楚云梨拿到这笔银子以后,先买了一个两进宅院。
因为院子的位置不错,八百两银都花完了。
当楚云梨拿着房契给陈婆子说自家新买了一个宅子时,陈婆子半天都回不过神来。
“哪里来的银子?”
她这些年没有过问儿子儿媳有多少积蓄,但自家人知道自家事,儿子的本事摆在那里,儿媳妇又是凭劳力拿工钱,若是按部就班,不可能买得下这么大的院子。
“卖药。”楚云梨说是前些日子捣鼓的药丸换的的银子,“我早就琢磨出了一个方子,一直想要试一试,可惜不得空。最近在家闲着也是闲着,还真让我给做出来了,康和堂买的,还想跟我谈方子的价钱,我拒绝了。”
陈婆子恍恍惚惚:“这么厉害呐!”
祖孙四人干活回来,知道家里有宅子并且以后有源源不断的进账,个个都很高兴。顾不得天已黑透,闹腾着要去看新房。
一家人挤着马车去了新宅,这个两间院子很大,占地有七八亩,而且开了两个门,兄弟俩以后一人一个院儿住着,看似一家,实则是两家。

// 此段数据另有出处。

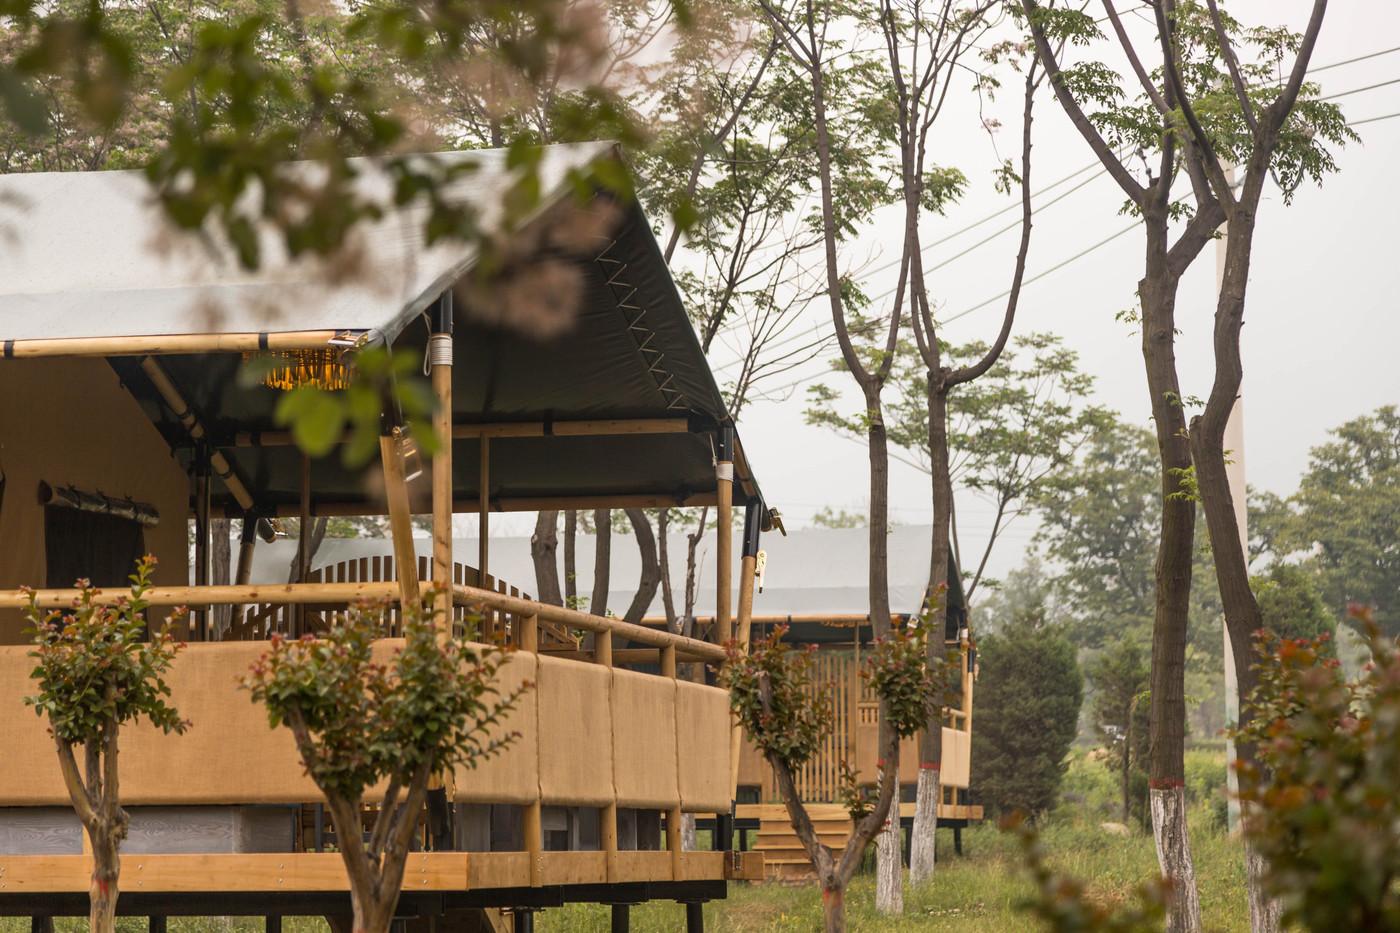 喜马拉雅野奢帐篷酒店—华山自驾游露营地(54平)6
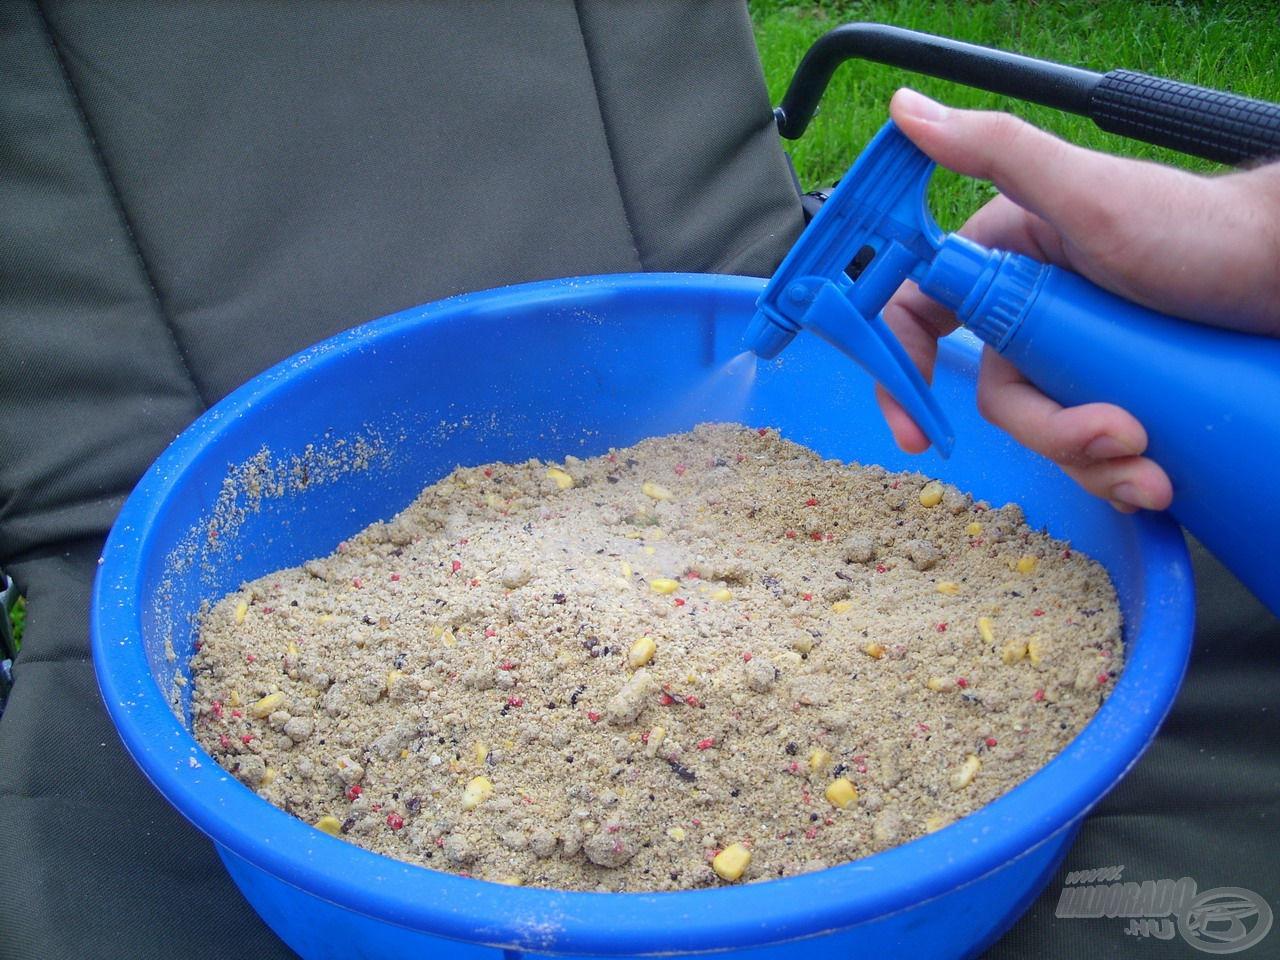 Az etetőanyaghoz eddig adagolt vízmennyiség kevés ahhoz, hogy megfelelő állagúvá váljon, de ez a megfelelő előkészítés része. A maradék folyadékot a precíz adagolás érdekében egy spricni segítségével tettem a keverékhez. Ennek során maximum további 1-1,5 dl víz került hozzá. Kulcsfontosságú szerep jut az etetőanyag tökéletes állagának, amit szándékosan kissé szárazra kell elkészítenünk, hogy a lehető legjobban felhősítsen

陈丰收是越看越满意,但在回家路上,他似乎兴致不高,楚云梨有察觉到他一直都在偷偷打量自己。
回到陈家,陈婆子觉得今日是个好日子,家里的饭菜不足以庆祝这份高兴,又去外头买了两个大菜。
有了好菜,就少不了喝酒。楚云梨说什么也不喝,也没有影响了祖孙几人的兴致。
喝完酒,陈丰收有些微醺。
这些日子夫妻俩分房睡。
陈家新造的房子,屋子挺多的,保留了两间客房。楚云梨最近都在客房住。
陈丰收每天累得回来倒头就睡,也没有跟妻子提过要重新住在一起……都是做祖父母的人了,这个年纪的夫妻,好多都已经分了床,即便家里条件不允许分床,也分了被子。
楚云梨人住在客房,衣裳却还在夫妻俩的屋子,她去拿衣裳洗漱,就看到了站在窗前的陈丰收。
“不累吗?怎么还不睡?”
陈丰收面色怅然:“我……是不是很没本事?”
“缘何这样说?”楚云梨一脸惊讶,“发生何事了?”
陈丰收回头仔仔细细看她眉眼:“感觉你变了个人似的,以前的你,没有制药丸子的本事。”
楚云梨扬眉,看来陈丰收认出来了,她顿时就乐了:“我这些年在医馆琢磨的方子。放心,无论我怎么变都是林家的媳妇,是孩子的娘,若能赚到银子,也都是花在兄妹三人身上。”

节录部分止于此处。